First National Bank was a bank in Philadelphia. Chartered in 1863, it was the first national bank created under the banking reforms of the Civil War that began to define the modern U.S. banking system, and the first commercial bank to issue a federal banknote. It operated independently until 1955, when it was merged into the Bank of North America and Trust Company, which now is part of Wells Fargo.

==History==
===19th century===
During the Civil War, the cash-strapped Lincoln administration, acting on the suggestion of Philadelphia financier Jay Cooke, sought to create a true national currency by fostering a class of strong banks entitled to print banknotes backed by the U.S. federal government.
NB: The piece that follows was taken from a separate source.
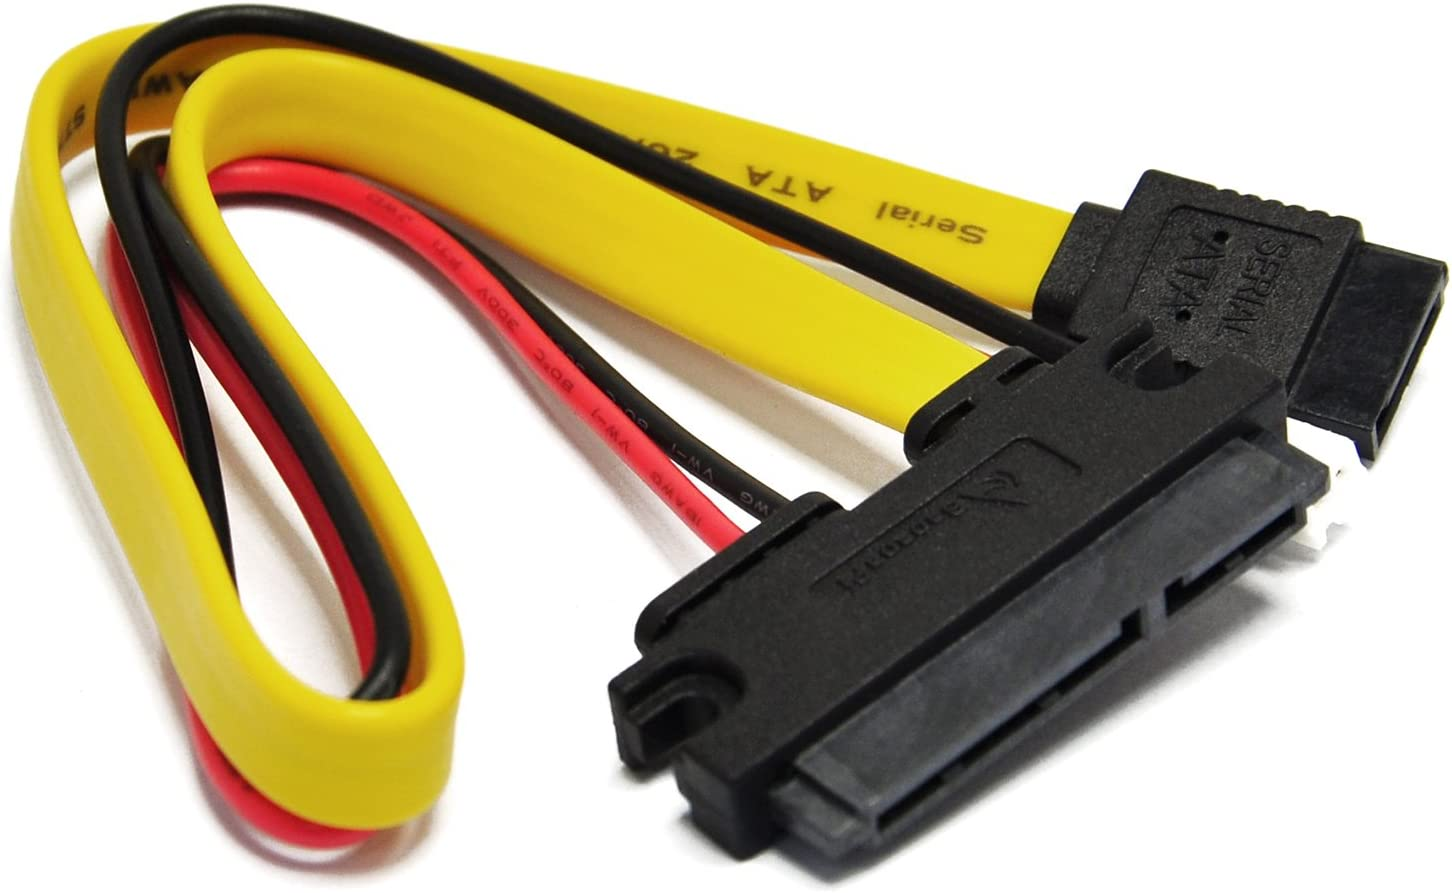 Gikfun Sata Cable HDD Connectors with Power Supply Port for Banana PI EK1613

Congress took up the effort with the National Banking Act of 1863 (previously called the National Currency Act), passed on February 25, 1863.

The first charter under the new Act went to a group of Philadelphia financiers that included Cooke. They received the charter on June 20, opened the doors of First National Bank on July 11, and that same day became the first commercial bank to issue a federal banknote.

The bank's first president was Owen Wilson Davis, who on June 16, 1863, provided money to buy horses for the First Troop Philadelphia City Cavalry so it could deploy to meet the Confederate Army at Gettysburg.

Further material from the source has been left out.